In sadness, cousin, I do love a woman.
BENVOLIO:
I aim'd so near, when I supposed you loved.
ROMEO:
A right good mark-man! And she's fair I love.
BENVOLIO:
A right fair mark, fair coz, is soonest hit.
ROMEO:
Well, in that hit you miss: she'll not be hit
With Cupid's arrow; she hath Dian's wit;
And, in strong proof of chastity well arm'd,
From love's weak childish bow she lives unharm'd.
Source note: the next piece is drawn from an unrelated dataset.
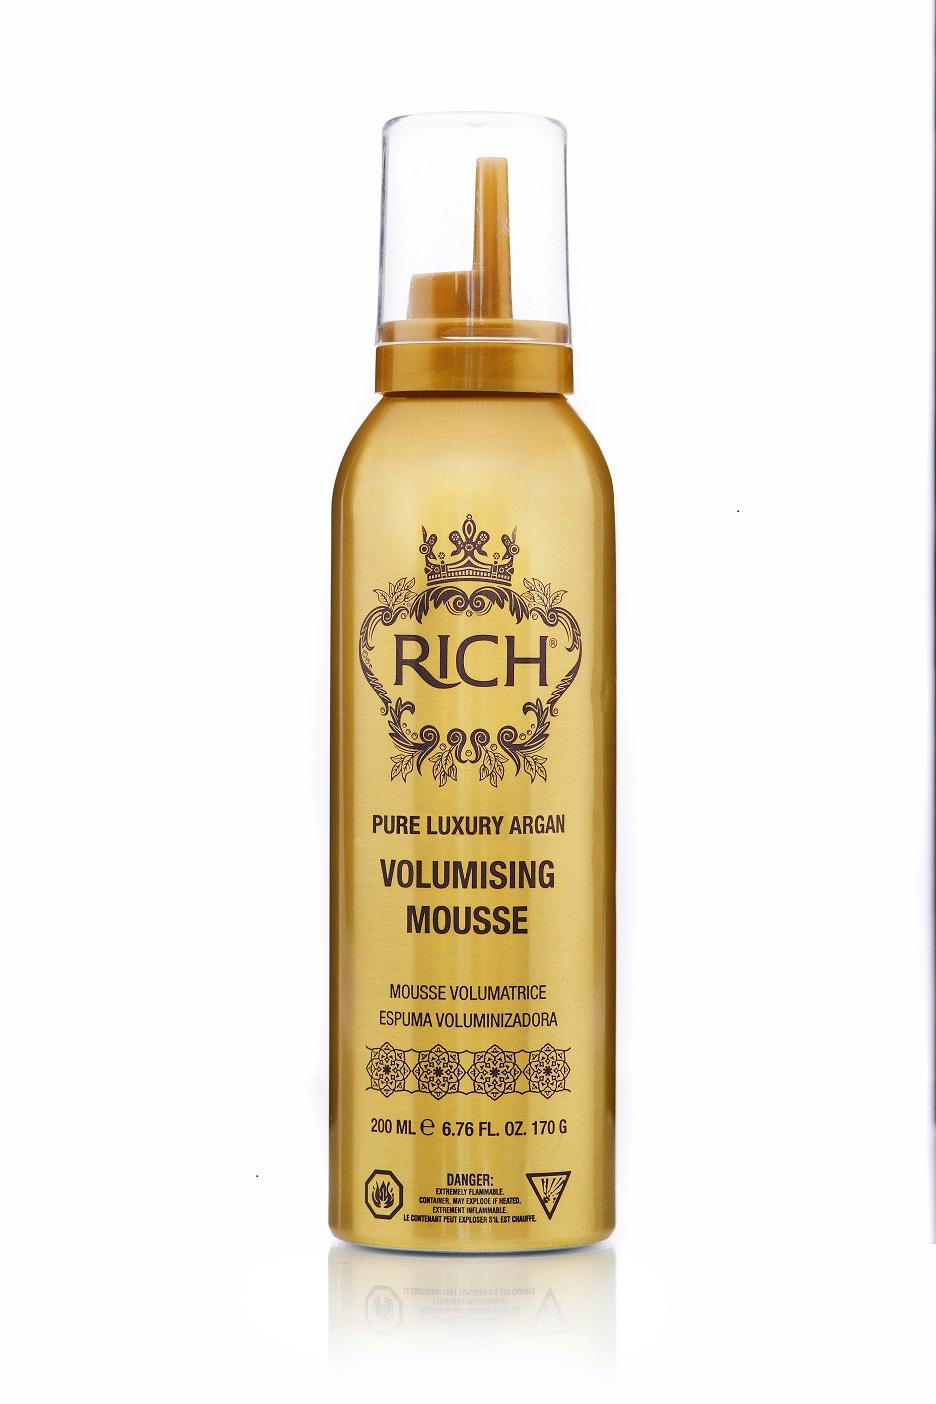 Rich Мусс для укладки на основе арганового масла, 200млMP59.4DМусс добавляет существенный объем волосам от самых корней и создает ощущение великолепной копны волос. Входящее в состав мусса аргановое масло питает и смягчает волосы, делает их гладкими, блестящими и легкими. Даже кудрявые, жесткие и капризные волосы становятся послушными при создании формы - гибкими, струящимися и полными сил. Мусс защитит ваши волосы и сохранит цвет от воздействия высоких температур при укладке феном, щипцами и при пользовании термо бигуди.

She will not stay the siege of loving terms,
Nor bide the encounter of assailing eyes,
Nor ope her lap to saint-seducing gold:
O, she is rich in beauty, only poor,
That when she dies with beauty dies her store.
BENVOLIO:
Then she hath sworn that she will still live chaste?
ROMEO:
She hath, and in that sparing makes huge waste,
For beauty starved with her severity
Cuts beauty off from all posterity.
She is too fair, too wise, wisely too fair,
To merit bliss by making me despair:
She hath forsworn to love, and in that vow
Do I live dead that live to tell it now.
BENVOLIO:
Be ruled by me, forget to think of her.
ROMEO:
O, teach me how I should forget to think.
BENVOLIO:
By giving liberty unto thine eyes;
Examine other beauties.
ROMEO:
'Tis the way
To call hers exquisite, in question more:
These happy masks that kiss fair ladies' brows
Being black put us in mind they hide the fair;
He that is strucken blind cannot forget
The precious treasure of his eyesight lost:
Show me a mistress that is passing fair,
What doth her beauty serve, but as a note
Where I may read who pass'd that passing fair?
Farewell: thou canst not teach me to forget.
BENVOLIO:
I'll pay that doctrine, or else die in debt.